Goal of the exercise: Scan the material below for every line with the string "vendita", and copy those lines.
--- Dataset entries Enclosed Below ---
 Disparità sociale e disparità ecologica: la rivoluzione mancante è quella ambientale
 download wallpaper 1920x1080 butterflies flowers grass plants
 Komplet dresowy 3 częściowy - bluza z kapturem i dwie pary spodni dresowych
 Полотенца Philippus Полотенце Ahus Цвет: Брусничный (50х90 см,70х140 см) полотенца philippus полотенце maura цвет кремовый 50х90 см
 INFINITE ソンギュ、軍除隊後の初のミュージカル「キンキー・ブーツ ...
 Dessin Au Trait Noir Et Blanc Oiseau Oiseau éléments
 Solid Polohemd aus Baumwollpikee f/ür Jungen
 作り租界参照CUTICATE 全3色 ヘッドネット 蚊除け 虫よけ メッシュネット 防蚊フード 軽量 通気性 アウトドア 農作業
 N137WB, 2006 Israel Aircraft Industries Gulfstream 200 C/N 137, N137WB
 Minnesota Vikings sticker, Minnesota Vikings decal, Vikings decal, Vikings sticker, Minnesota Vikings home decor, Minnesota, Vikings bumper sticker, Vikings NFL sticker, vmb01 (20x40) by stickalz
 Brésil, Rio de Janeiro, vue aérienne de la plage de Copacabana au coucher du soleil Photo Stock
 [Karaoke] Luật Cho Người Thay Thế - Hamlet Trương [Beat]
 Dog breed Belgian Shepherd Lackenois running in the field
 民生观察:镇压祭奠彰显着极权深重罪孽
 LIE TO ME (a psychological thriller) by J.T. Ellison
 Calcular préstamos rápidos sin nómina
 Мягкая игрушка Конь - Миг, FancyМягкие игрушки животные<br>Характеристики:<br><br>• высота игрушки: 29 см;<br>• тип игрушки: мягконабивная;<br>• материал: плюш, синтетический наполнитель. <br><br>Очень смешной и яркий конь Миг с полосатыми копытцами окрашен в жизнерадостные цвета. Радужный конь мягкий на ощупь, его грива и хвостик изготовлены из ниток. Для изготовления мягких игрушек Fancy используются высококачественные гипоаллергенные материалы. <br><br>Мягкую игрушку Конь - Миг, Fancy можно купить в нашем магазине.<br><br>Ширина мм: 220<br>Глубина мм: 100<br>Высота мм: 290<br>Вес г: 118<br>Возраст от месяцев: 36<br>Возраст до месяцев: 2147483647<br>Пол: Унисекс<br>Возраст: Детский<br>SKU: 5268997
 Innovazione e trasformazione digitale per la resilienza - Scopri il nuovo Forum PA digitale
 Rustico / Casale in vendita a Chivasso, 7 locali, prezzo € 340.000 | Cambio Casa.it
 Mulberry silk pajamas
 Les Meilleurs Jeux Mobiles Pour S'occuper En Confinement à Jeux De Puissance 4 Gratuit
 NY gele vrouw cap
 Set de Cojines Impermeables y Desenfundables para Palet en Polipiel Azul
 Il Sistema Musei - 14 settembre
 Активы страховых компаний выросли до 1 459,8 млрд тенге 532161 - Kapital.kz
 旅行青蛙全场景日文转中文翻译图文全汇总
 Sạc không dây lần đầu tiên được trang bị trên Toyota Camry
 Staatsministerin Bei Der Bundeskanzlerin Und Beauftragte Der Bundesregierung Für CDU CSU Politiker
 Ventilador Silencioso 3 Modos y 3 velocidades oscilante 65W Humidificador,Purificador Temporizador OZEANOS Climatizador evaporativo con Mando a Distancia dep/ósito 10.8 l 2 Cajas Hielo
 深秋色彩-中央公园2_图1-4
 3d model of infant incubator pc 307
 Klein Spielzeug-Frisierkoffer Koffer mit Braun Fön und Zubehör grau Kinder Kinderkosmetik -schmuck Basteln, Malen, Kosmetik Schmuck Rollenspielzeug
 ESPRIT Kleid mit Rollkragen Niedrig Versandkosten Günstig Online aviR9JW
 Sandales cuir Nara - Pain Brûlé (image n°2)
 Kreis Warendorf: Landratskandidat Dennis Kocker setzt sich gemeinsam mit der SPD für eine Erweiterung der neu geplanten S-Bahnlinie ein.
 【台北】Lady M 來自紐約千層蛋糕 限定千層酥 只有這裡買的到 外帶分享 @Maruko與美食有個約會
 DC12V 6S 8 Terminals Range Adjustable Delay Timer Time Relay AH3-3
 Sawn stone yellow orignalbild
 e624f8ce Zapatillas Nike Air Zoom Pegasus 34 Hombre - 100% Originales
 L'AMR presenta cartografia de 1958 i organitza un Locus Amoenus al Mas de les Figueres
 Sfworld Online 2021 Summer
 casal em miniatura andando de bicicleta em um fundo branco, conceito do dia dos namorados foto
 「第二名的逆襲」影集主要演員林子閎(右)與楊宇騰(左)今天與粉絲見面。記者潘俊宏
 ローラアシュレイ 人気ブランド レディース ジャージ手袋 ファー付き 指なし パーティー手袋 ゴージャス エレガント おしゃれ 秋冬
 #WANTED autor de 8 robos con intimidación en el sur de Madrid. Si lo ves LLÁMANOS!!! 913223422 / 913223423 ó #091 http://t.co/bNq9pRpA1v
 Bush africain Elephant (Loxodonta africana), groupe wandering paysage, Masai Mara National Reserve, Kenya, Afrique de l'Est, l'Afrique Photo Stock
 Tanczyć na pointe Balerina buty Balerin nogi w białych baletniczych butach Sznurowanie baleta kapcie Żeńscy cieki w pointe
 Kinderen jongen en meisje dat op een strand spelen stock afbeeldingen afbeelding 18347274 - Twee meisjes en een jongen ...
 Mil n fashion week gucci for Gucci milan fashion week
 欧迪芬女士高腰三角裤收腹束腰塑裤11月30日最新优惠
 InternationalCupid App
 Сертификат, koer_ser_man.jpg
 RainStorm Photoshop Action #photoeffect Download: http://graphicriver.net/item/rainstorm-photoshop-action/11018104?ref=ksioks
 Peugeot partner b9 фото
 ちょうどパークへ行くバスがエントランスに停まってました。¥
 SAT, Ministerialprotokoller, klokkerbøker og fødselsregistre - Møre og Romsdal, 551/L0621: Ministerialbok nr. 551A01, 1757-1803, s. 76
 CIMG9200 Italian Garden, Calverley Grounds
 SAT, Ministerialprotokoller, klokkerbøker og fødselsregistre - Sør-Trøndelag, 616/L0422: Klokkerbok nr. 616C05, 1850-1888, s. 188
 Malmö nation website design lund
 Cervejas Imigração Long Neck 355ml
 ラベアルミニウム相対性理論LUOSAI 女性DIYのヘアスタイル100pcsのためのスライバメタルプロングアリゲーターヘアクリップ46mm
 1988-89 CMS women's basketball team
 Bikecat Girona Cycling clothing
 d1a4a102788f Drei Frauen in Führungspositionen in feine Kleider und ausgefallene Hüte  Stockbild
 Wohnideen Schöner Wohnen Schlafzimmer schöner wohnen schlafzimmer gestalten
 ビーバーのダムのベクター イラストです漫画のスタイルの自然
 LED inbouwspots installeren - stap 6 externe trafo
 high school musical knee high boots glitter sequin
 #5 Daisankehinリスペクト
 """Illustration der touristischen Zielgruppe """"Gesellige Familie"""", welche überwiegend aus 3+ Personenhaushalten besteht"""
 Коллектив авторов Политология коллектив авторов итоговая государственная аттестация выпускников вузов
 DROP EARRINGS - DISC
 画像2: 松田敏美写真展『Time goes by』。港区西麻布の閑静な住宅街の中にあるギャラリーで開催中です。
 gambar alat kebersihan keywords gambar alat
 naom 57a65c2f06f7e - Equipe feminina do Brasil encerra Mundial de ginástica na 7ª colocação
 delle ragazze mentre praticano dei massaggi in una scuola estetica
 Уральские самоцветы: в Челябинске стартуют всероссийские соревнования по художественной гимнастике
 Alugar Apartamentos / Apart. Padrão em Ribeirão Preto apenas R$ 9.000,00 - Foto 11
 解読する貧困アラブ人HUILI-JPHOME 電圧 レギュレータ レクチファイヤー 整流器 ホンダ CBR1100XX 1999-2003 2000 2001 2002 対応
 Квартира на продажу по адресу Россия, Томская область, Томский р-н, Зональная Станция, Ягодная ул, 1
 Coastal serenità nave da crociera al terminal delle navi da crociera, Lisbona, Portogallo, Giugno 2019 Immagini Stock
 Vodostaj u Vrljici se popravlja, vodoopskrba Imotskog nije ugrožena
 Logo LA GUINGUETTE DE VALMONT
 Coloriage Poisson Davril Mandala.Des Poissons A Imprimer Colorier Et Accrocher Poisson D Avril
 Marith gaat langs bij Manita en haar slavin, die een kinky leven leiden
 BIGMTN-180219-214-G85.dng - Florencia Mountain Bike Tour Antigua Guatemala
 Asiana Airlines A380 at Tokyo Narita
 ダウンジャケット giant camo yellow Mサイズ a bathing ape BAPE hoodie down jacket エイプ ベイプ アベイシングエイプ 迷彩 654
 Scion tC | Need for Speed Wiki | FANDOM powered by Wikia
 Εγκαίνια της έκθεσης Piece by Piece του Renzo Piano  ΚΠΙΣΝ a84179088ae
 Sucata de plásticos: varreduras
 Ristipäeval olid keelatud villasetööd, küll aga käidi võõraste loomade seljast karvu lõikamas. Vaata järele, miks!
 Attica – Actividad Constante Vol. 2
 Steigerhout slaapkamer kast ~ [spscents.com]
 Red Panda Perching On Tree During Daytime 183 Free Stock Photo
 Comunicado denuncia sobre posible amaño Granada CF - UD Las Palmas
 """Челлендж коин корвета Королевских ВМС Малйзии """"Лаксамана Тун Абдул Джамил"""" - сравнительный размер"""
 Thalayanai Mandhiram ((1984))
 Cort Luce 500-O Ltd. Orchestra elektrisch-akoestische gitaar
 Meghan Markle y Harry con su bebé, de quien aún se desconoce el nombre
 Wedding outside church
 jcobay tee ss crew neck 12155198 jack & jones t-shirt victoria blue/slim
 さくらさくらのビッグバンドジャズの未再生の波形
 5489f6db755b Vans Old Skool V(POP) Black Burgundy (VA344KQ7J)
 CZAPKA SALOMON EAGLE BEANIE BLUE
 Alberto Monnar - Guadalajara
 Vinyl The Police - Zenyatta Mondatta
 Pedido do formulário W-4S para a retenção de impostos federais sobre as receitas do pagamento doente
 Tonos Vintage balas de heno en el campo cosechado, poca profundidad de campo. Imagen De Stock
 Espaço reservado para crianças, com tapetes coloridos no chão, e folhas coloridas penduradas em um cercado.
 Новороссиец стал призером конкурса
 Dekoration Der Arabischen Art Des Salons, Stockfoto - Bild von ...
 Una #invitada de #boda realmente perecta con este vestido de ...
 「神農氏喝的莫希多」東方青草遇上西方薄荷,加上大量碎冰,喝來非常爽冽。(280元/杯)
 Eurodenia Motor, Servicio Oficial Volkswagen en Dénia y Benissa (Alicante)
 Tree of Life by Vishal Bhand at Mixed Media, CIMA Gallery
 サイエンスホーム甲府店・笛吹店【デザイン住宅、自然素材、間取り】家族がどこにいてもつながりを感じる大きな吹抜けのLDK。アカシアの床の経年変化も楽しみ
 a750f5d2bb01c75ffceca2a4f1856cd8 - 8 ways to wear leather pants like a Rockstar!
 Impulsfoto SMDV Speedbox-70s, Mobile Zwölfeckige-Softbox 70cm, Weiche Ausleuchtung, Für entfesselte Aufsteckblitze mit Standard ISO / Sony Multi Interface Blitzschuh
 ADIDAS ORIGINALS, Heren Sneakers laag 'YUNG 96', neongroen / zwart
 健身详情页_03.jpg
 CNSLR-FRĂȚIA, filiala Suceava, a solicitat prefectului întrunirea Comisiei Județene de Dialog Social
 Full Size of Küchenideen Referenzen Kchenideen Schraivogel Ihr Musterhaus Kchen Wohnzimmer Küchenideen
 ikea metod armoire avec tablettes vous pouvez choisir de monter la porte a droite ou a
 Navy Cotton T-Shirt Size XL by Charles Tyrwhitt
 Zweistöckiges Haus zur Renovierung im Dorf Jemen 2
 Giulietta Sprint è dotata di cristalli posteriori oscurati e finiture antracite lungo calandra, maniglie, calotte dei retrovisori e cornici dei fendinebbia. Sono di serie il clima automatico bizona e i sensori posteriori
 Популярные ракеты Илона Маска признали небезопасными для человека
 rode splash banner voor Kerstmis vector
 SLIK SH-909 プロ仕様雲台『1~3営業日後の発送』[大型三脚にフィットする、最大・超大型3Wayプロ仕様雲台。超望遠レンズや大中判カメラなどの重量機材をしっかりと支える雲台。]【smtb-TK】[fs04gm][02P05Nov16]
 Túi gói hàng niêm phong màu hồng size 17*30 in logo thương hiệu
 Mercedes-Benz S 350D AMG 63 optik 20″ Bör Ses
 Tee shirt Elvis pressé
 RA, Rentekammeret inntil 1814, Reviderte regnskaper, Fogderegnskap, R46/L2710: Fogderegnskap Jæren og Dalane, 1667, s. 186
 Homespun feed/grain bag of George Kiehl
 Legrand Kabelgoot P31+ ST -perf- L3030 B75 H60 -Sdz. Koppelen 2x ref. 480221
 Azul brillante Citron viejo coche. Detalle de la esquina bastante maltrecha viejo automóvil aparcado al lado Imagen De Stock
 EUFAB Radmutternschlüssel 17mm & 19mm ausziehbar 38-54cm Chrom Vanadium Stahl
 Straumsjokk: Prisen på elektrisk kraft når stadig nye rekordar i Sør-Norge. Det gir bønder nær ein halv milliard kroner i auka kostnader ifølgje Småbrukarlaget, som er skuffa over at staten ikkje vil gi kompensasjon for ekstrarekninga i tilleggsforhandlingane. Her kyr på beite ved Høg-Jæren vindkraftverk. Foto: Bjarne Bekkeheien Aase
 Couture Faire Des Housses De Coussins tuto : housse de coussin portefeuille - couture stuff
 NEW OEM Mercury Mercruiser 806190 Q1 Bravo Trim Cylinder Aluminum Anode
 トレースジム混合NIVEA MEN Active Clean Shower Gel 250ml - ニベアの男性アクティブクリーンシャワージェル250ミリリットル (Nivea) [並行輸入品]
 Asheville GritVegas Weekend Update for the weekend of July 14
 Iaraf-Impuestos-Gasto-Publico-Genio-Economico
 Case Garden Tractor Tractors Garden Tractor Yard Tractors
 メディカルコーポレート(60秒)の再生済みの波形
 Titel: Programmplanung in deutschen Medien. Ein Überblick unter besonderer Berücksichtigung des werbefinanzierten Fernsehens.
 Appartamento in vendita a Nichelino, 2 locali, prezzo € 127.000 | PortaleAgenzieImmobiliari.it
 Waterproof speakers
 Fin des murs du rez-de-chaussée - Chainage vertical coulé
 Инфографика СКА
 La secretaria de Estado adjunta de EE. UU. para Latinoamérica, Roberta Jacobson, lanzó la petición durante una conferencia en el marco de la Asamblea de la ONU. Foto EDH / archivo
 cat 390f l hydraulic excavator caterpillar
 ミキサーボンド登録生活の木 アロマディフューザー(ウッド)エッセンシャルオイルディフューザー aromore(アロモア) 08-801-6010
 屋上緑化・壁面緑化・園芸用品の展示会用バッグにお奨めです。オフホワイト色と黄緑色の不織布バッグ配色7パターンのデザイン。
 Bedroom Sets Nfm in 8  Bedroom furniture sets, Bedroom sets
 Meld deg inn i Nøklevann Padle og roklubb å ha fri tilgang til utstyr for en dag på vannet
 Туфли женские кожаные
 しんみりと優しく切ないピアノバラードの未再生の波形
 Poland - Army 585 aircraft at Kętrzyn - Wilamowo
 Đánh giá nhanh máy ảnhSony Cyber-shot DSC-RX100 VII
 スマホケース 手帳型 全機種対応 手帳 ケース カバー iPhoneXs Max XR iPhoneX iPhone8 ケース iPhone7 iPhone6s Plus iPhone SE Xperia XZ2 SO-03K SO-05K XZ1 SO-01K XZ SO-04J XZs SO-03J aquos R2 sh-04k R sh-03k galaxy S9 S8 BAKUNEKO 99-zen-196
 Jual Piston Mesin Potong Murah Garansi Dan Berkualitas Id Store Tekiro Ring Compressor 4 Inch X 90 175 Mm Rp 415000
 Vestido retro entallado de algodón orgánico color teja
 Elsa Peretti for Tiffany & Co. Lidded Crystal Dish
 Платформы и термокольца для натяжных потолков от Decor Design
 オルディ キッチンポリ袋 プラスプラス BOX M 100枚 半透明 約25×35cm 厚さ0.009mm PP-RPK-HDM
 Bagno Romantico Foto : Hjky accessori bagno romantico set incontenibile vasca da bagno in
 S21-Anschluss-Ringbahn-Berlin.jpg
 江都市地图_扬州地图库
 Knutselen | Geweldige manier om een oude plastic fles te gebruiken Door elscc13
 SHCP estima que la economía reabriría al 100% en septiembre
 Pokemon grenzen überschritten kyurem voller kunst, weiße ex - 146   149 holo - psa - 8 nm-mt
--- End of Enclosed Dataset entries ---
Response:
 Rustico / Casale in vendita a Chivasso, 7 locali, prezzo € 340.000 | Cambio Casa.it
 Appartamento in vendita a Nichelino, 2 locali, prezzo € 127.000 | PortaleAgenzieImmobiliari.it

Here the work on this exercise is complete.